| HN Mirror

Y	Hacker News new \| ask \| show \| jobs

by Magmalgebra 497 days ago

I think this post underestimates how the degree to which “what data is correct” is deeply contextual.

My team created an identical hypothesis to this doc ~2 years ago and generated a proof of concept. It was pretty magic, we had fortune 500 execs asking for reports on internal metrics and they’d generate in a couple of minutes. First week we got rave reviews - followed by an immediate round of negative feedback as we realized that ~90% of the reports were deeply wrong.

Why were they wrong? It had nothing to do with the LLMs per se, 03-mini doesn’t do much better on our suite than gpt 3.5. The problem was that knowing which data to use for which query was deeply contextual.

Digging into use cases you’d fine that for a particular question you needed to not just get all the rows from a column, you needed to do some obscure JOIN ON operation. This fact was only known by 2 data scientists in charge of writing the report. This flavor or problem - data being messy, with the messiness only documented in a few people’s brains, repeated over and over.

I still work on AI powered products and I don’t see even a little line of sight on this problem. Everyone’s data is immensely messy and likely to remain so. AI has introduced a number of tools to manage that mess, but so far it appears they’ll need to be exposed via fairly traditional UIs.

10 comments

burnte 497 days ago

> I think this post underestimates how the degree to which “what data is correct” is deeply contextual.

I can't get anyone to listen to this point. I'm seeing plans going full steam ahead deploying AI when they don't even have a good definition of the PROBLEM much less how to train the AI to do things well and correctly. I was in a 90 minute meeting with some execs who were all high on ChatGPT Operators. He was saying we could replace 80 people at this company RIGHT NOW with this tool. I asked the presenter to type in one simple request to the AI, the entire demo went wildly off the rails from then on and the presenter wasn't even remotely bothered by that. People are either completely taken in by the marketing and believe like it's a religion, or they have solid, sensible concerns about reliability. But the number of people in category 2 is a smaller number than the true believers.

lfxyz 496 days ago

> People are either completely taken in by the marketing and believe like it's a religion, or they have solid, sensible concerns about reliability.

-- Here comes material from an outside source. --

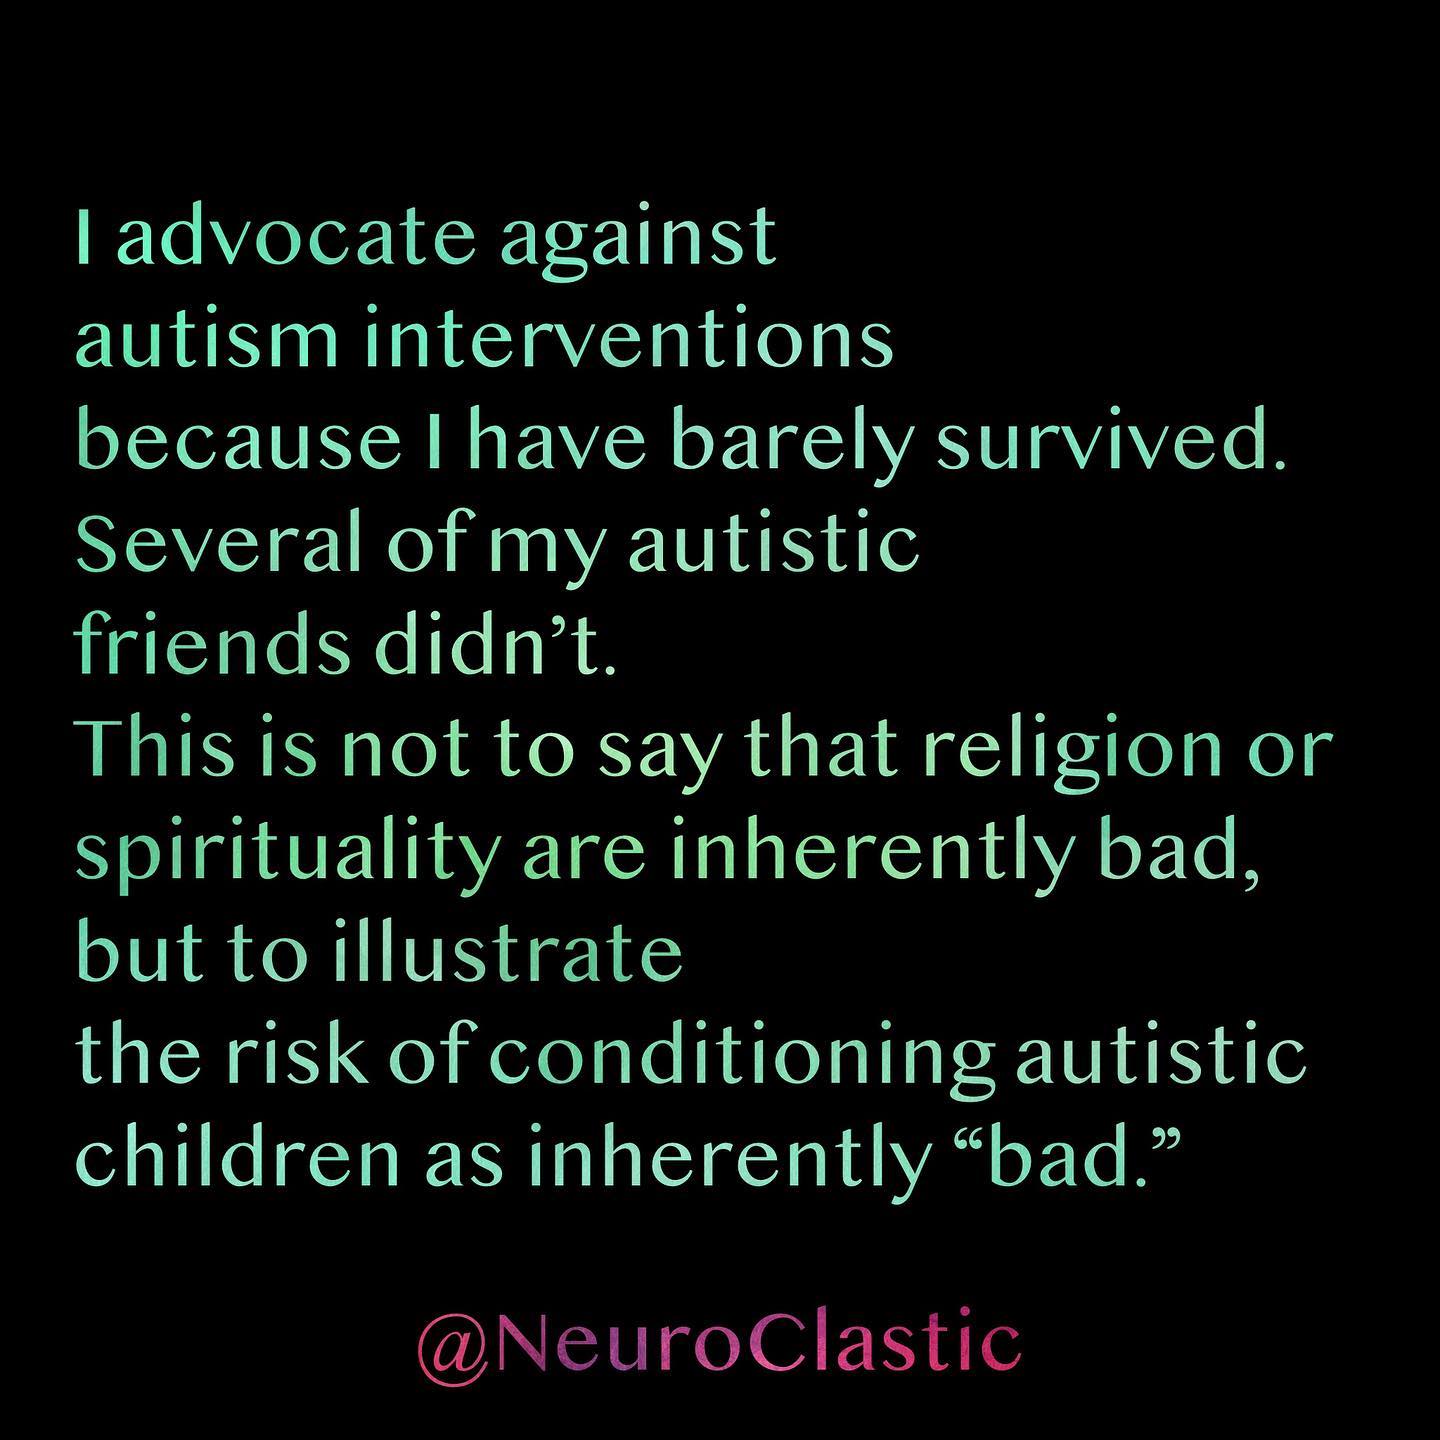 I advocate against autism interventions because I have barely survived. Several of my autistic friends didn’t. This is not to say that religion or spirituality are inherently bad, but to illustrate the risk of conditioning autistic children as inherently “bad.” @NeuroClastic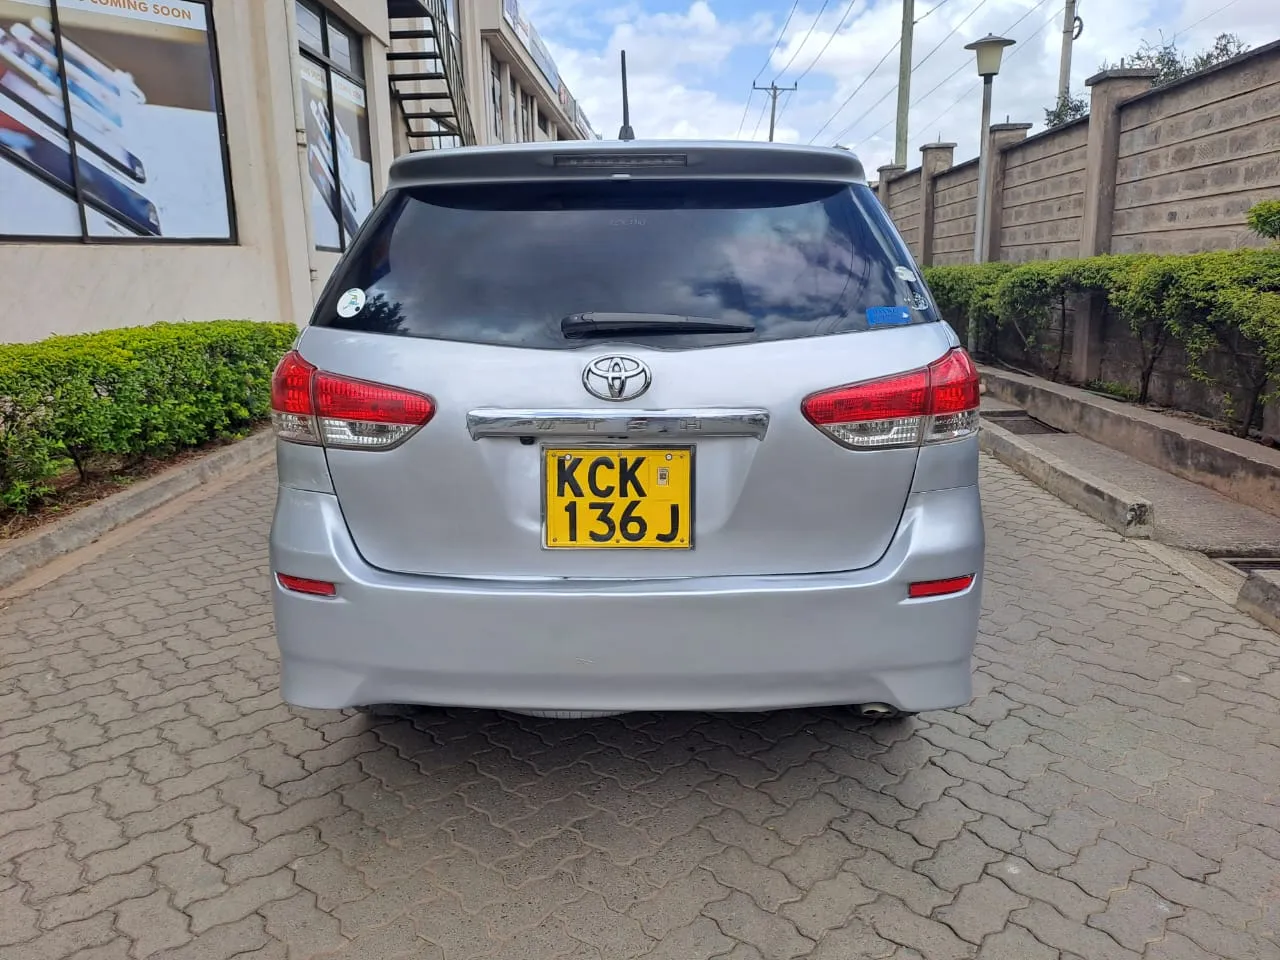 Toyota WISH for sale in Kenya QUICKEST SALE You Pay 30% Deposit Trade in OK EXCLUSIVE Hire Purchase Installments bank finance 🔥🔥

The other issue is that the first group are labelled as innovative go-getters, while the second group are labelled as negative crusty curmudgeons and this has an impact on the careers of both groups.

OccamsMirror 497 days ago

Executives are salivating at the opportunity to cut 80 staff with no repercussions. They're so eager they're keeping the blinkers on. The fact that the AI has no clothing is ignored because the promise is so attractive.

burnte 496 days ago

Yep. He said any company that isn't all-in on AI will be out of business next year. I really want to see ChatGPT Operators fix my roof.

satvikpendem 496 days ago

> I can't get anyone to listen to this point. I'm seeing plans going full steam ahead deploying AI when they don't even have a good definition of the PROBLEM much less how to train the AI to do things well and correctly.

First time? I did AI work years before the current generative AI boom and it was the same then too, managers wanted to stick AI into everything without even knowing what the hell they actually wanted in the end.

burnte 496 days ago

First time with AI, yeah, but I am not surprised since I've seen it with every other tech fad. People come up with solutions to implement, not problems to solve.

sansseriff 497 days ago

It will be interesting to see in what fields it's worth the effort to curate you're data to a high enough standard that you get all the benefits of the ai agent.

I'm currently working as a scientist. I wonder if researchers will be willing to annotate their papers, data, reasoning, and arguments well enough that ai agents can make good use if it all.

If you write your papers in an AI friendly way, maybe that means more citations? Does this mean switching to new publishing formats? Pdfs are certainly limiting

aeturnum 497 days ago

I think a lot of the power and capability of LLMs comes from their understanding of a lot of implicit context in language. But generally LLMs will have a dominant understanding of each linguistic construct and if that understanding is isn't correct they struggle.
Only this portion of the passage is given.